As a rule, terms cannot be changed after the death of the first person. Advance Medical Directive: A legal document in which a person appoints an agent or surrogate to make medical decisions if the person is unable to do so, and that gives the surrogate or officer the right to authorize the suspension of medical care. Education Trust: Refers to a trust created to provide education for the recipient. The terms of an educational trust may vary and may be designed to meet the needs of both the settlor and beneficiary. Purchase and sale agreement: An agreement between business owners that enters into a legal contract that specifies how the remaining owners acquire the shares of the outgoing owner. Codicil: An officially signed document that supplements or modifies the terms of a will so that a complete rewrite of the will is not required.

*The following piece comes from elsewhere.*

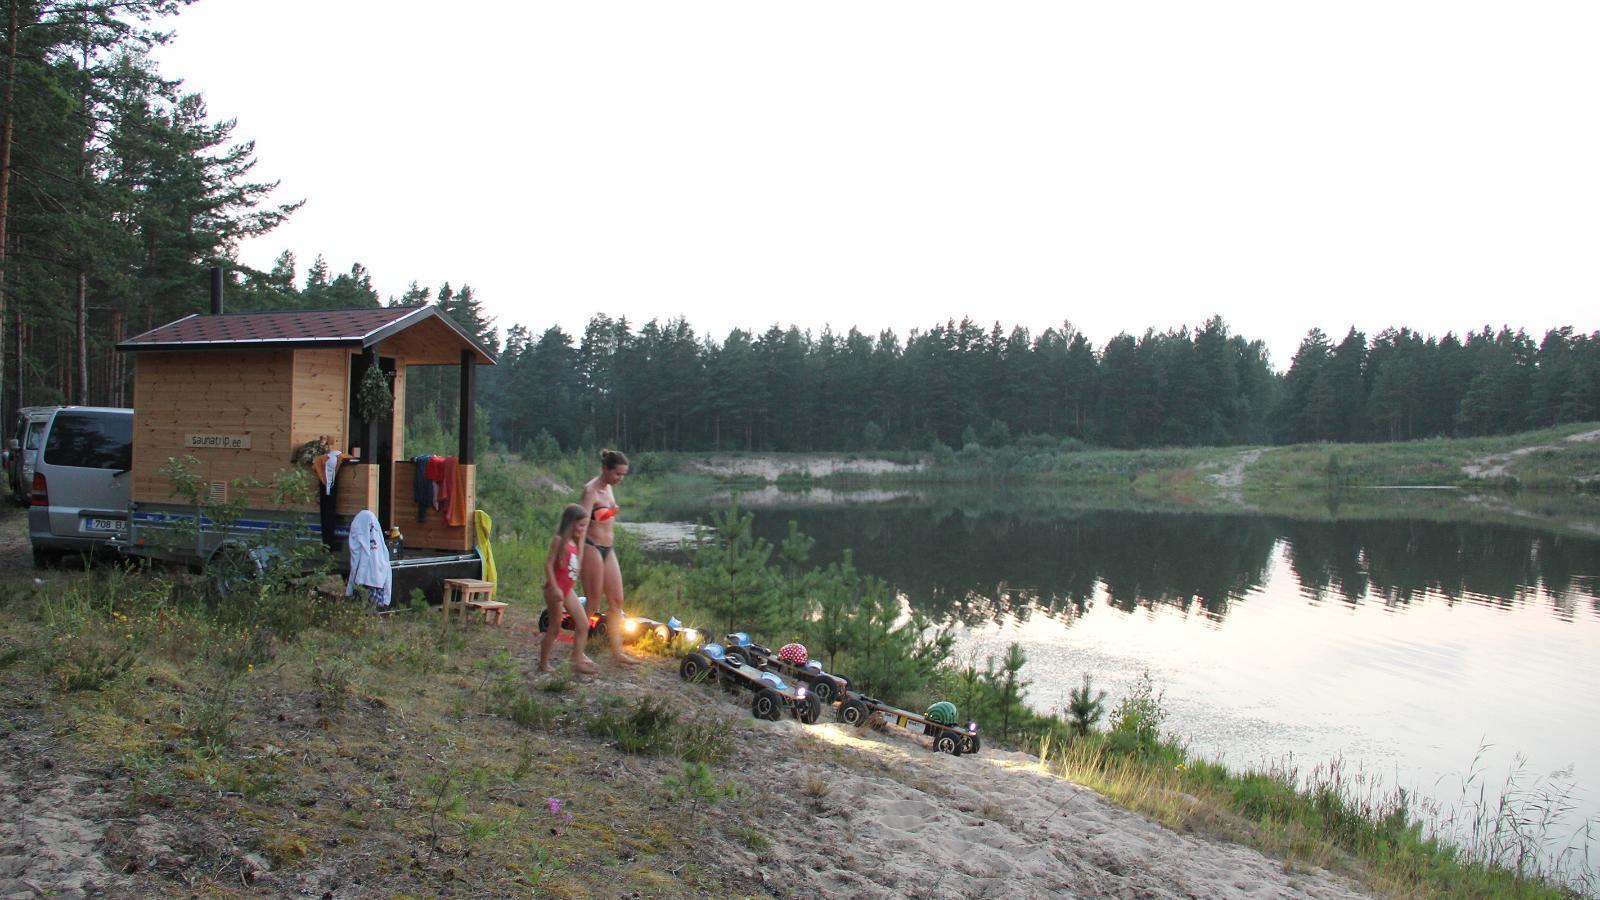 Saunatrip - Perävaunusaunan vuokraus ja kuljetus kaikkialla Virossa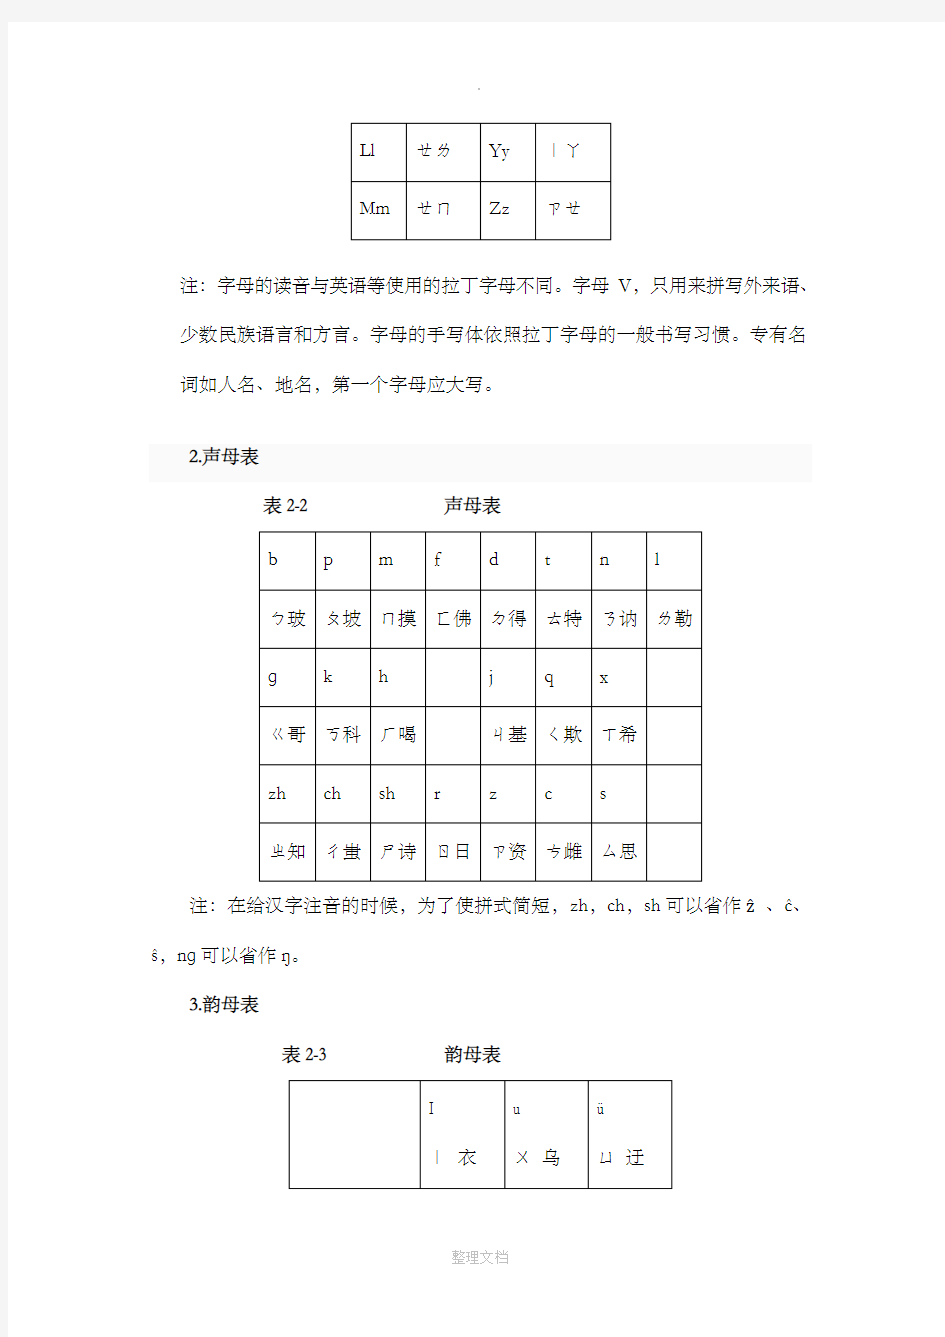 汉语拼音方案和国际音标

Executor (male) / Executor (female): Appointed in a will, alone or with a co-executor, and then appointed by the probate court to administer and distribute the estate of a deceased person according to the terms of the will. May also be appointed as a personal representative. LGBT: In estate planning, the term for planning lesbian, gay, bisexual or transgender individuals and couples. Inheritance tax: tax levied on the transfer of property from a testator to his heirs or assigns. Inheritance tax is levied on the amount of the testator`s estate and is calculated on the basis of that estate and not on the amount received by a particular beneficiary.